N-ary Document-Level Relation Extraction

a project focusing on how to leverage binary intra-sentence relatione extraction to achieve n-ary document-level relation extraction

Relation extraction is the problem of extracting relations between entities described in the text. Relations identify a common “fact” described by distinct entities. Conventional relation extraction approaches focus on supervised binary intra-sentence relations, where the assumption is relations only exist between two entities within the same sentence. These approaches have two key limitations. First, binary intra-sentence relation extraction methods can not extract a relation in a fact that is described by more than two entities. Second, these methods cannot extract relations that span more than one sentence, which commonly occurs as the number of entities increases. Third, these methods assume a supervised setting and are therefore not able to extract relations in the absence of sufficient labeled data for training. This work aims to overcome these limitations by developing n-ary cross-sentence relation extraction methods for both supervised and unsupervised settings. Our work has three main goals and contributions:

(1) two unsupervised binary intra-sentence relation extraction methods (2) a supervised n-ary cross-sentence relation extraction method (3) an unsupervised n-ary cross-sentence relation extraction method.

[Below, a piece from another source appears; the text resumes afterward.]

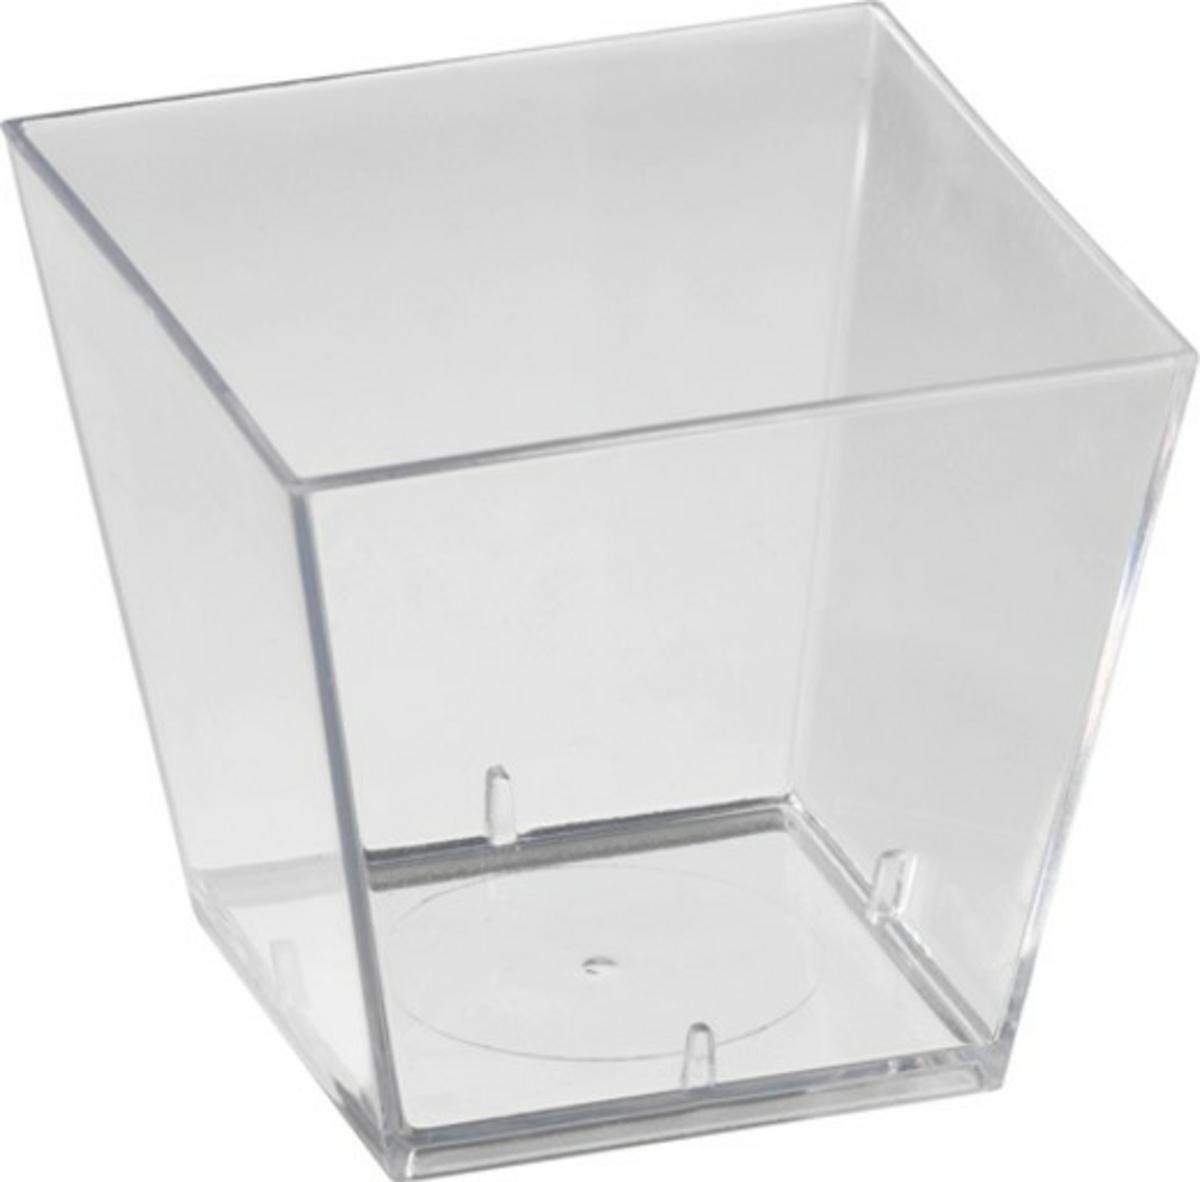 Verrine carrée transparente 4,70x4,70 cm 6 cl Duni (100 pièces)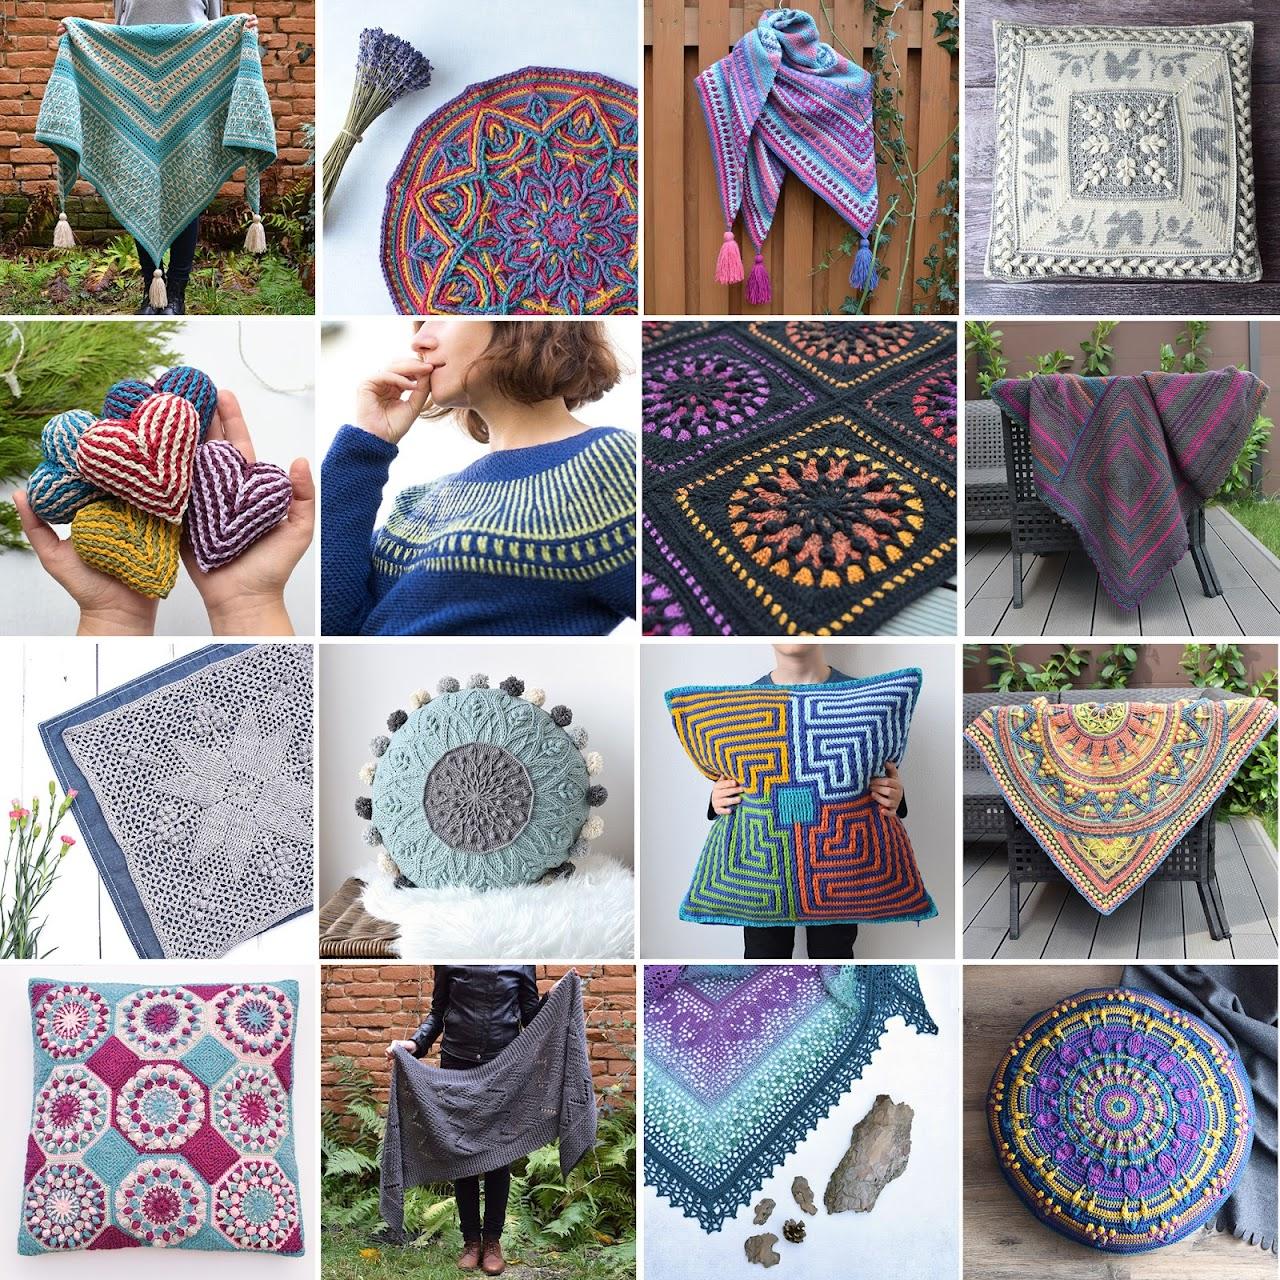 Crochet patterns 2018 by www.lillabjorncrochet.com

To achieve these goals, our work includes the following contributions: (1) an automatic labeling method for n-ary cross-sentence data, which is essential for model training (2) a reinforcement learning-based sentence distribution estimator to minimize the impact of noise on model training (3) a generative clustering-based technique for intra-sentence unsupervised relation extraction (4) a variational autoencoder-based technique for unsupervised binary intra-sentence relation extraction.

References

2022

  1. Clustering-based Unsupervised Generative Relation Extraction
    Chenhan Yuan, Ryan A. Rossi, Andrew Katz, and 1 more author
    In 2022 IEEE International Conference on Big Data (Big Data), 2022

2021

  1. Unsupervised relation extraction: A variational autoencoder approach
    Chenhan Yuan, and Hoda Eldardiry
    In EMNLP 2021 (oral), 2021

2020

  1. Reinforcement Learning-based N-ary Cross-Sentence Relation Extraction
    Chenhan Yuan, Ryan Rossi, Andrew Katz, and 1 more author
    submitted to IEEE Transactions on Big Data, 2020